The appeals court was quite direct in its conclusion, ruling against the FCC "because the Commission has failed to tie its assertion of ancillary authority over Comcast's Internet service to any statutorily mandated responsibility" (i.e., the FCC had not been able to show that any part of the law gave it authority to do what it had done). The court pointed out that if it had accepted the FCC's arguments, "it would virtually free the Commission from its congressional tether."
When I wrote about the likelihood that the decision would be overturned I got soundly admonished by some Washington insiders who had advised the FCC to take the path that it took. I was not seen as being true to the cause. Sorry, while I think the cause is important, I cannot ignore the law.
In many ways the original Comcast case was about as perfect an example of why the cause is important to all Internet users as one could have concocted. The particular approach Comcast took to a problem of its local networks getting congested was unfair, done in secret and denied when caught. Since being outed, Comcast has revised its approach to one that is quite fair and Comcast has been open about what it is doing.
Since the Appeals Court decision, all of the major players in the Internet service business have gone out of their way to say that they supported the FCC's Internet fairness principles. If we could trust that all ISPs would always follow these principles there would be no need to worry.
But, in the few days since the decision there has already been a case where an ISP has been accused of secretly redirecting people who wanted to perform Google searches to the ISP's own search engine -- the exact sort of thing that net neutrality proponents are worried about.
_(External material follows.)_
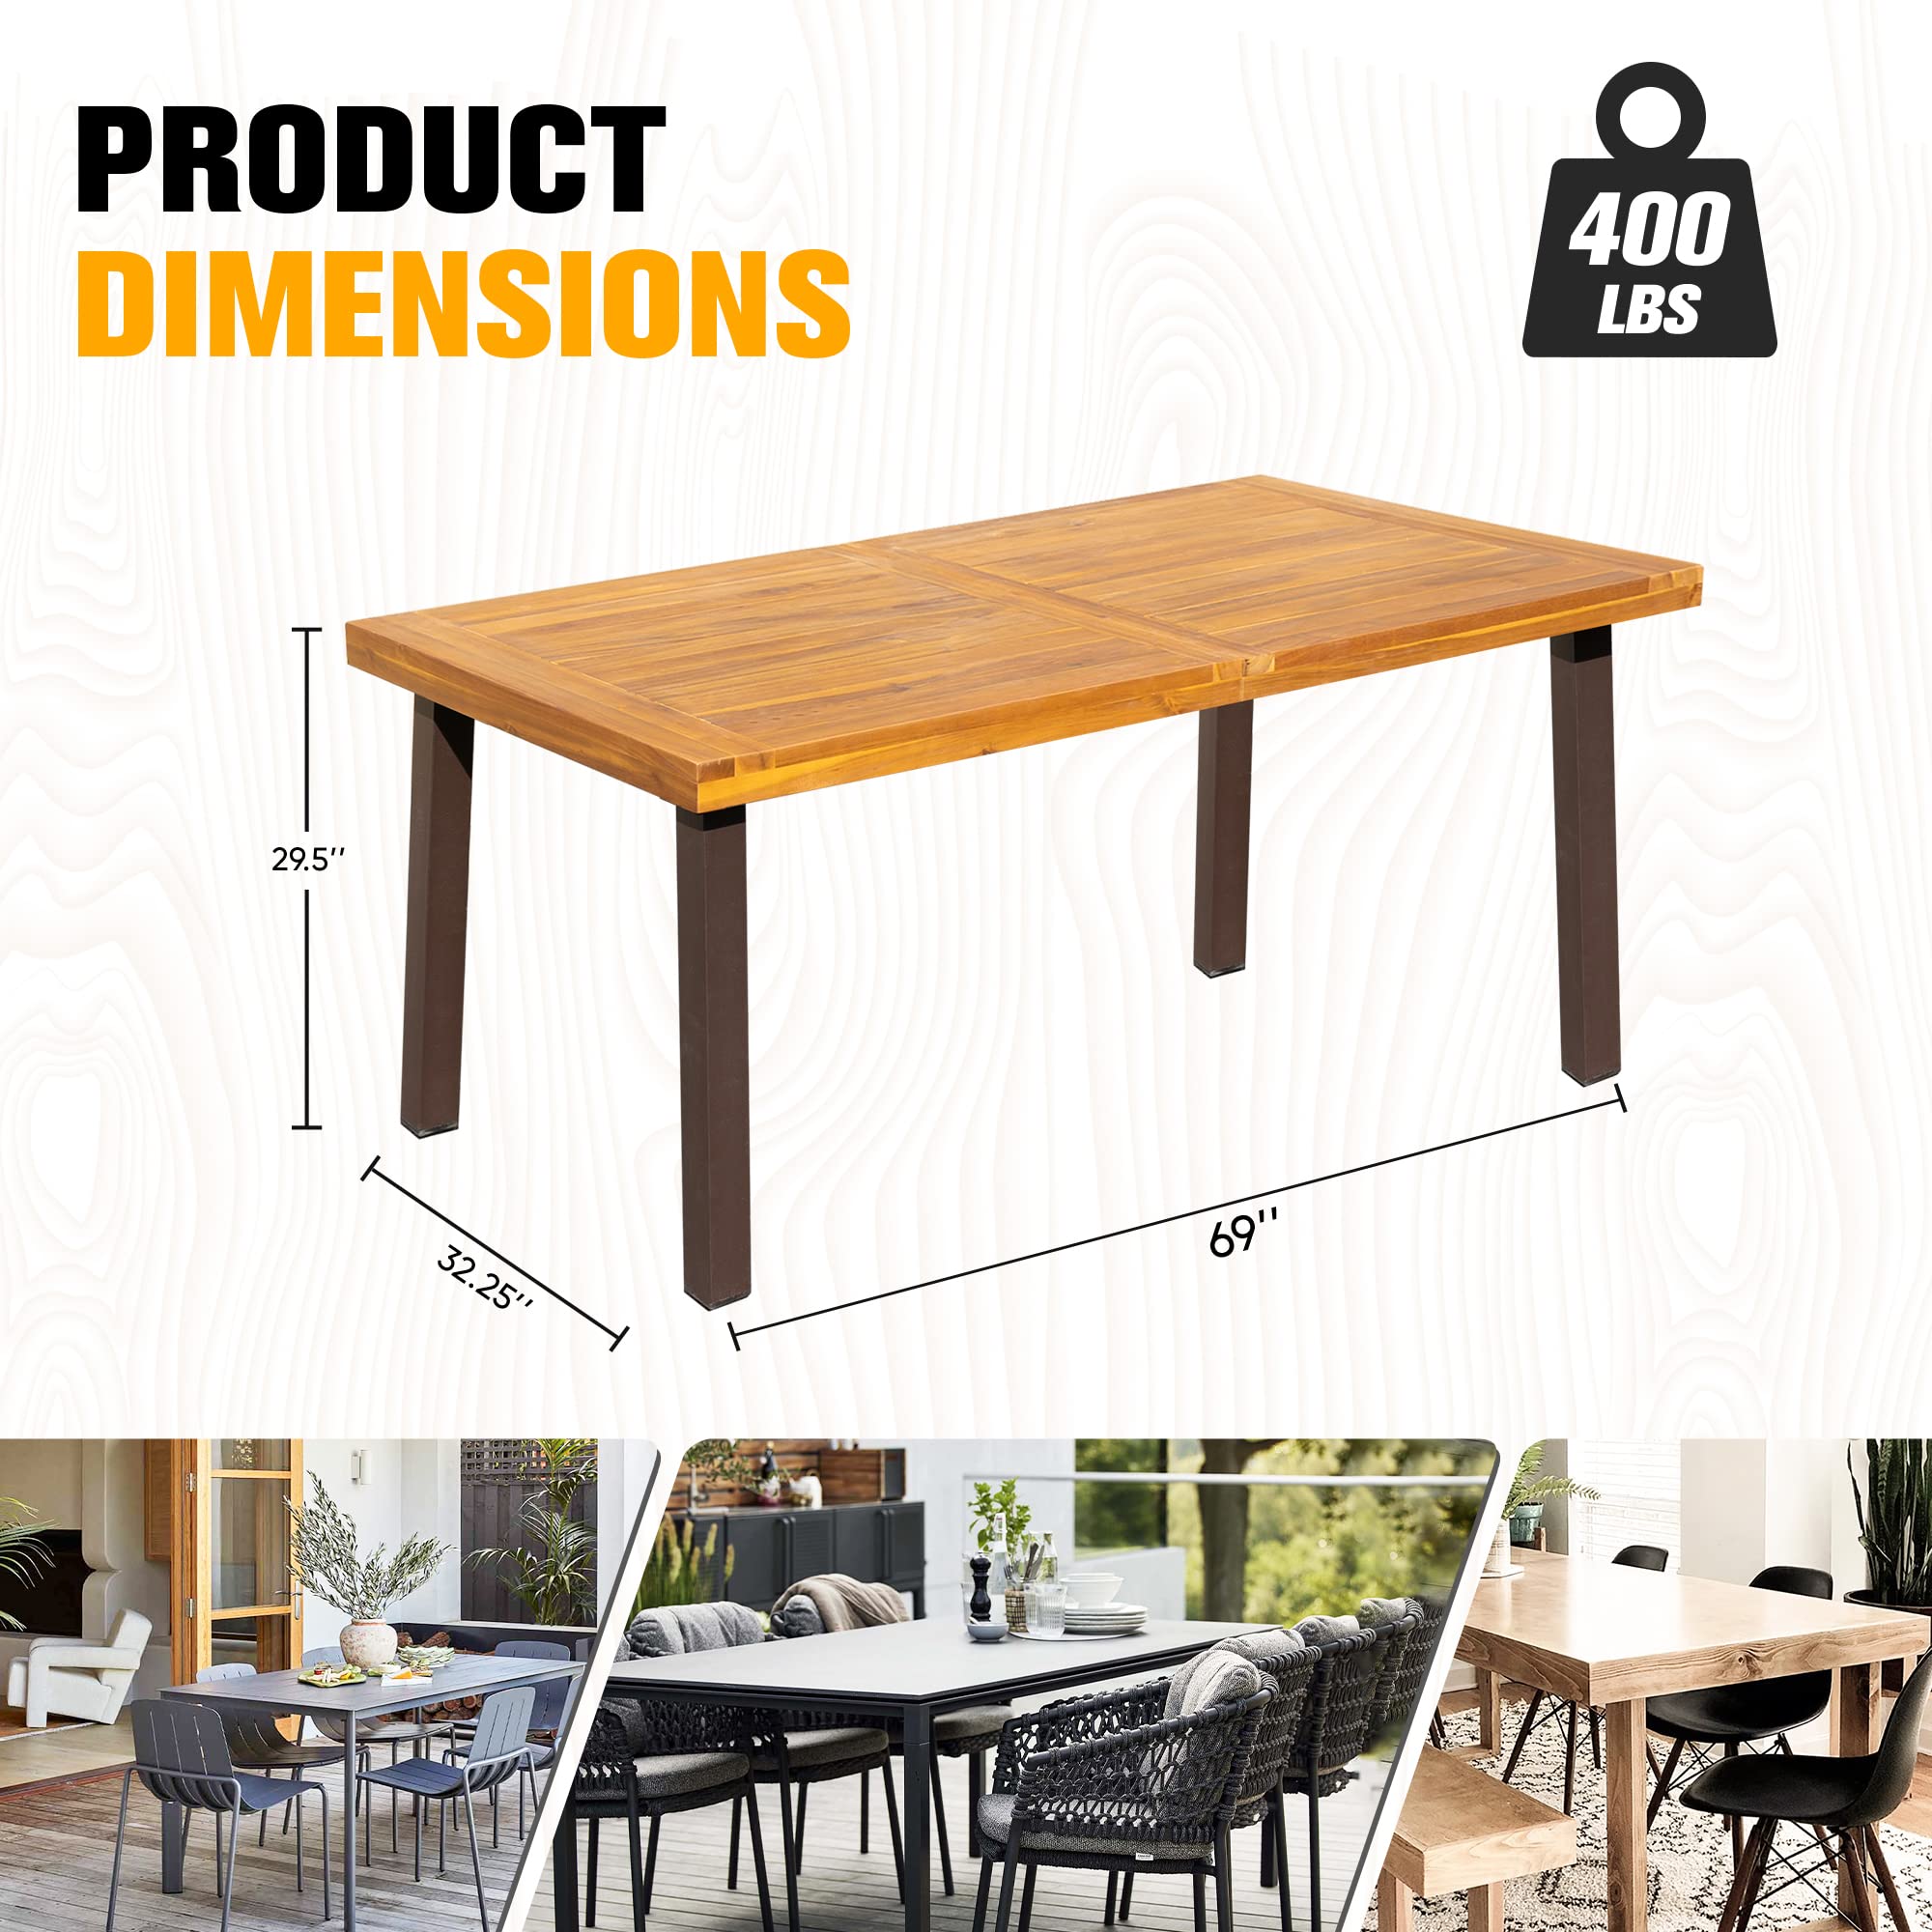 Flamaker Dining Table for 6 Acacia Wood Indoor Outdoor Home Kitchen Table with Iron Legs Large Rectangular Patio Table for Deck, Sunroom

A number of people have called for the FCC to reclassify ISPs as falling under the common carrier rules of Title II of the Communications Act. In a way this makes a lot sense. Clearly the Internet is now the main telecommunications infrastructure in the United States, if not the world. Voice, video and data have all moved to the Internet. If Title II regulations were needed for telephone carriers when they ran over their own analog phone wires, why are they not needed when the same telephone carriers have merely moved the voice service to their own digital wires and fiber-optic cable?
One big reason is that the Title II common carrier regulations are the very ones that have been used to control every aspect of traditional telephone service for decades. These regulations provided us with reliable, reasonably priced and totally non-innovative telephone service. The term "Internet" should not be used in the same sentence as "non-innovative" so there are a lot of dangers in taking that path.
Congress might be able to come up with a better solution, but not in an election year as polarized as this one, so maybe the status quo is about as good as we can get for a while. Though maybe the Federal Trade Commission could decide that secret ISP manipulations are unfair trade practices and thus force ISPs to at least tell us when they are mucking up the 'Net.
Disclaimer: "Common" is not a normal part of the Harvard vocabulary and I have not seen a university opinion on applying the term to the Internet, so the above is my own view.